● TASK STATEMENT: Where the listing shows an image, skip it and output all other material unchanged.

● EXERCISE DATA:
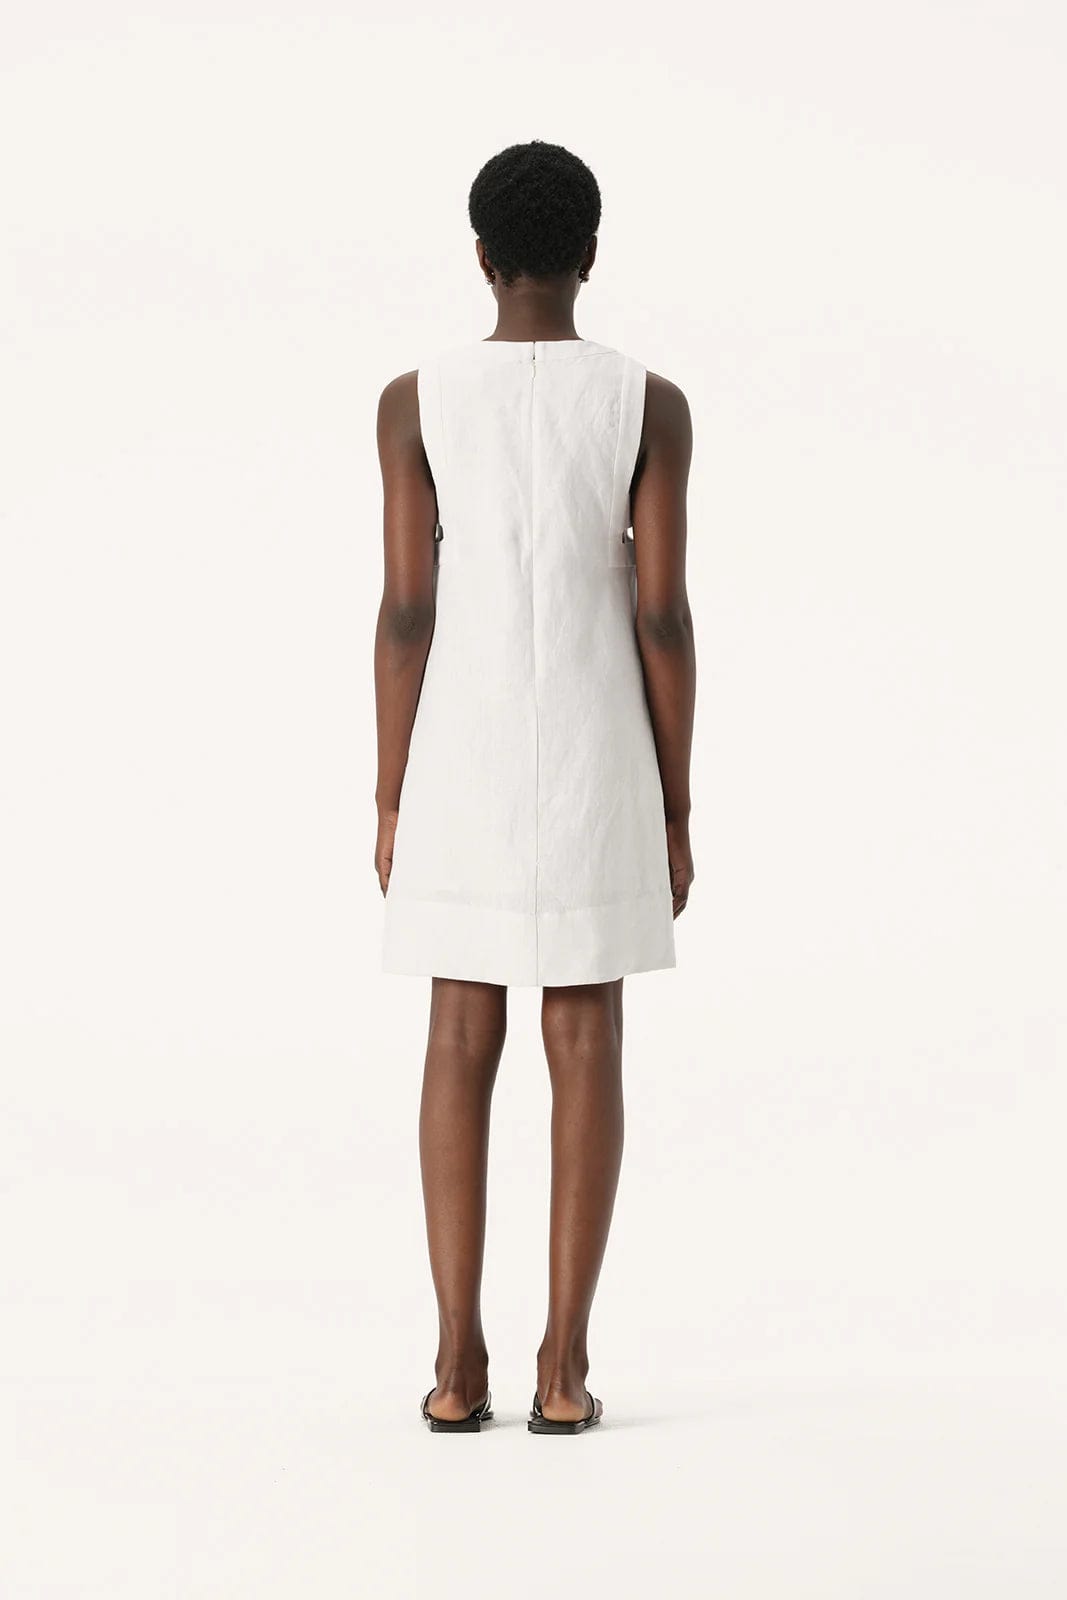 Elka Collective Dresses - Casual Elka Collective | Eze Dress - White
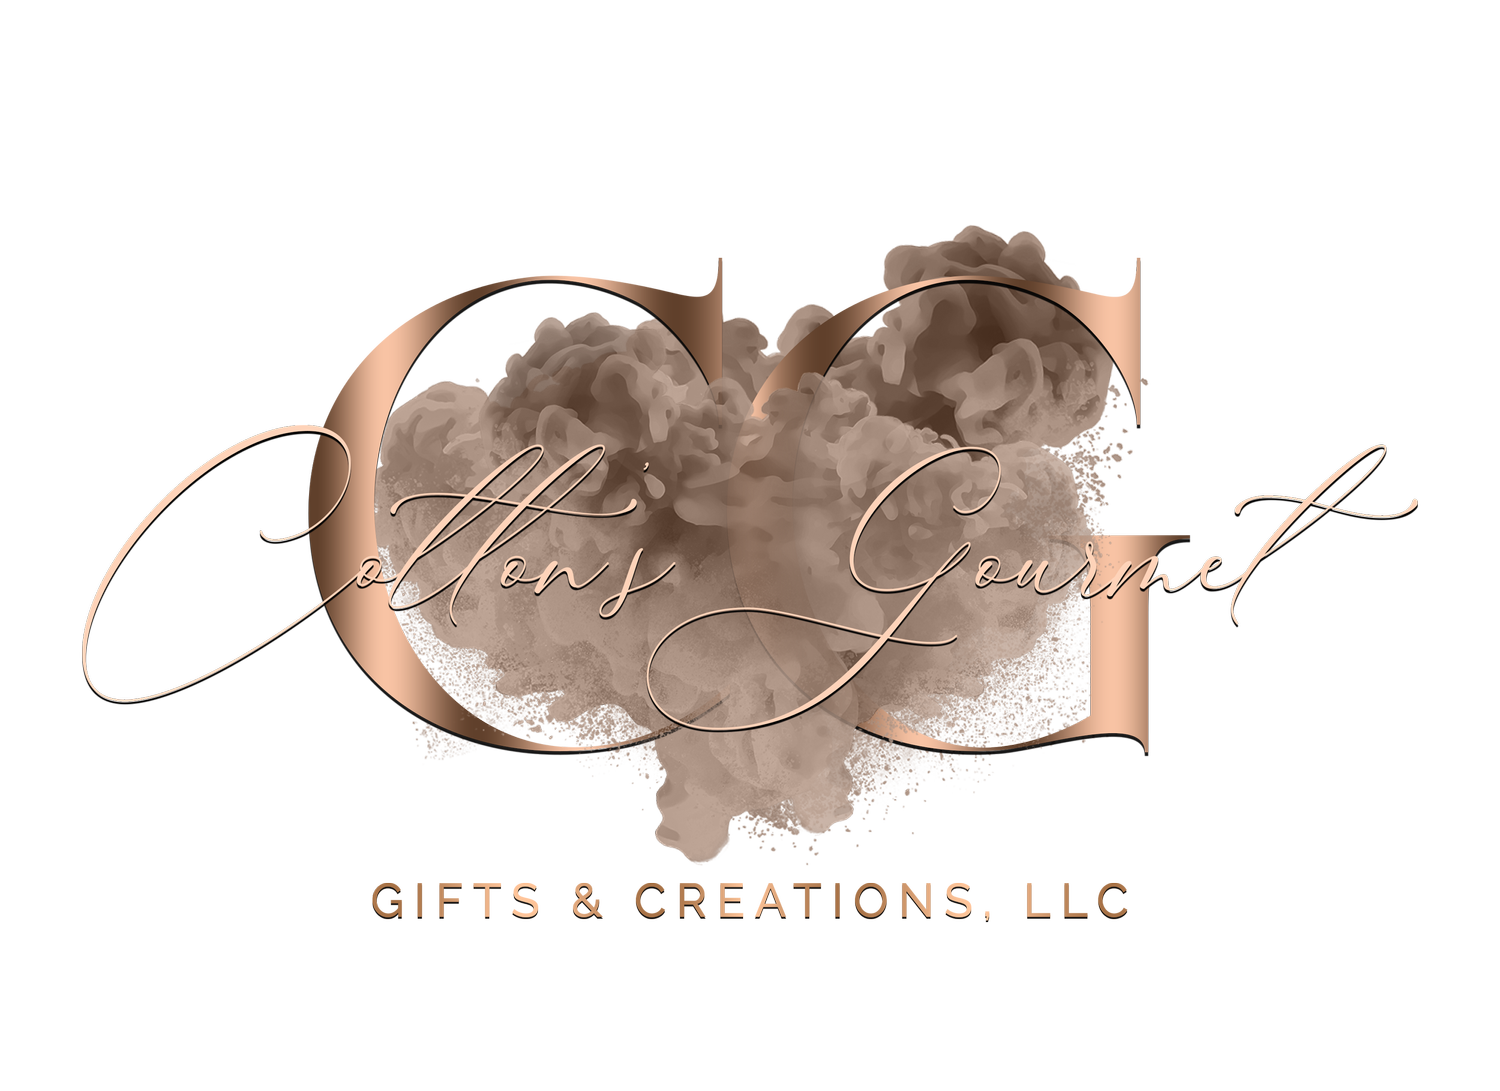 Cotton's Gourmet Gifts & Creations, LLC
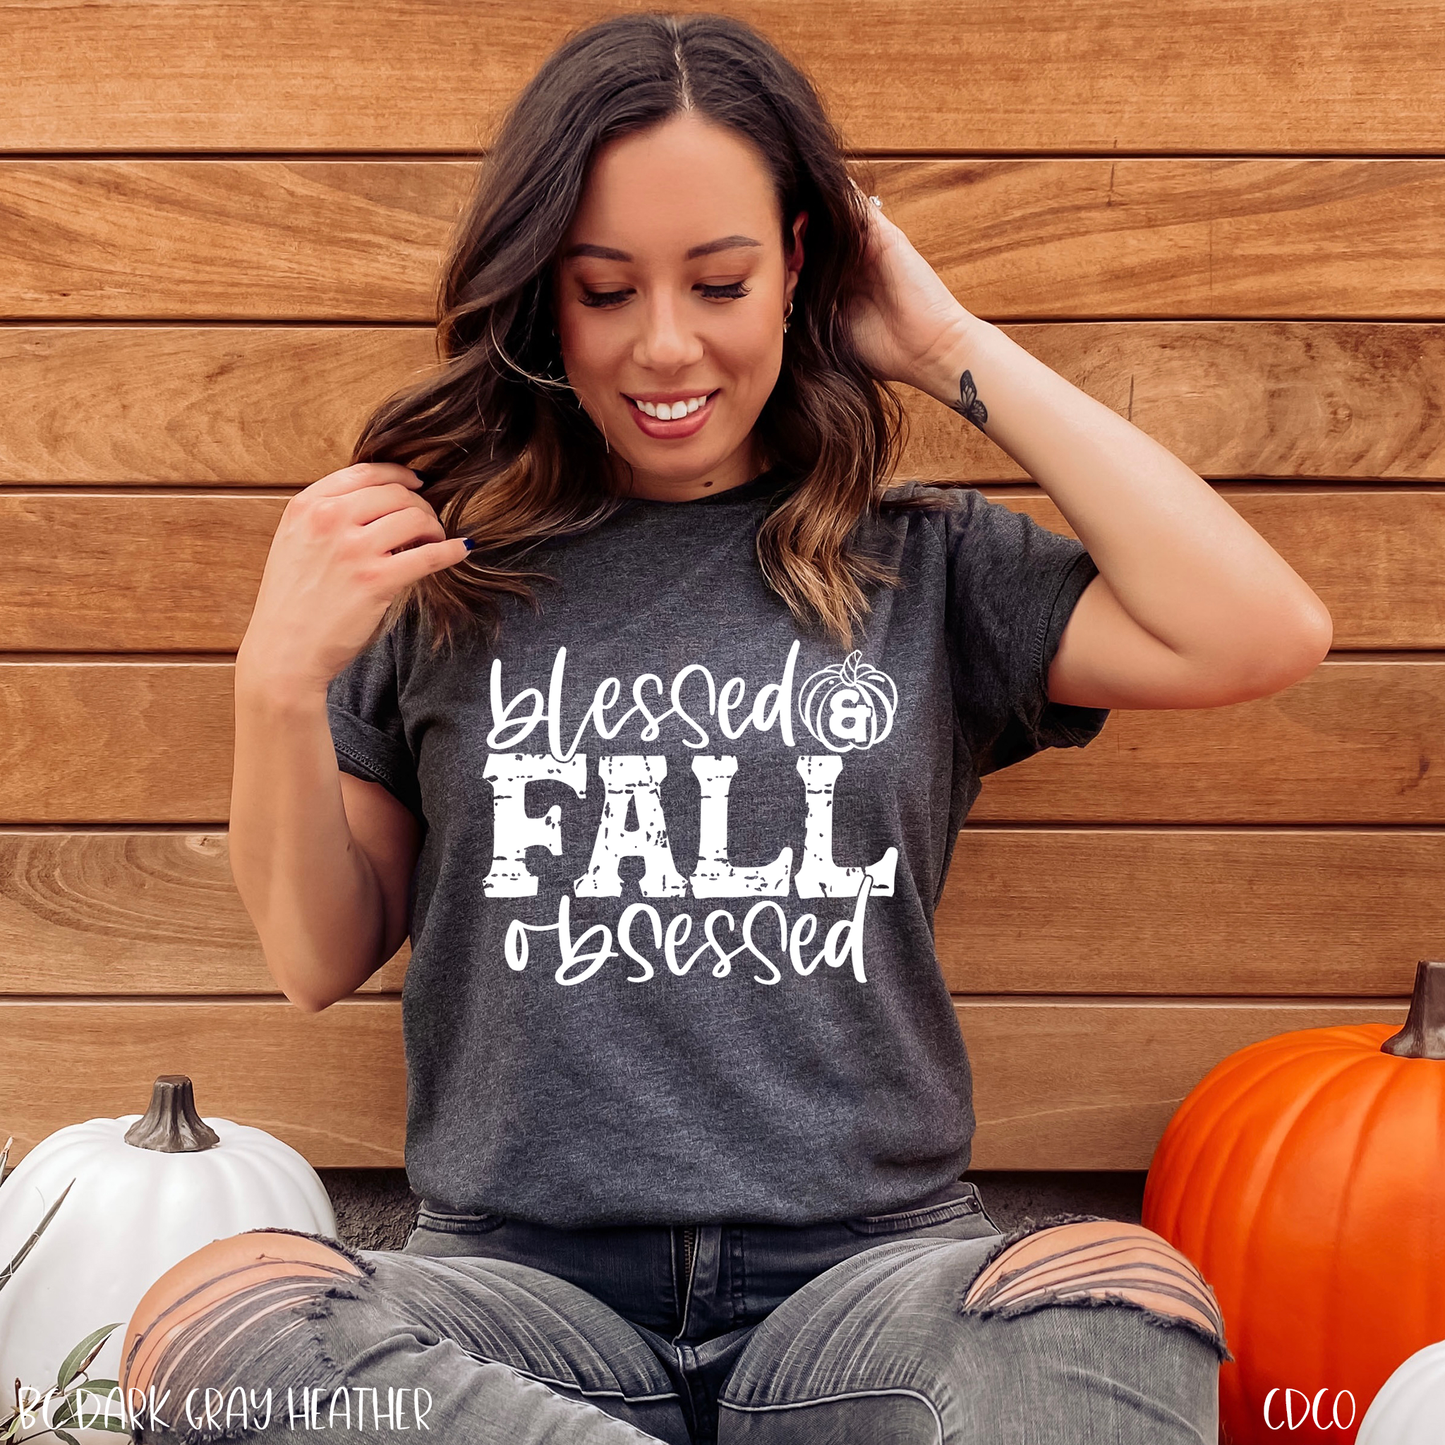 Blessed & Fall Obsessed (325°)

● TASK OUTPUT:
 Elka Collective Dresses - Casual Elka Collective | Eze Dress - White
 Cotton's Gourmet Gifts & Creations, LLC
 Blessed & Fall Obsessed (325°)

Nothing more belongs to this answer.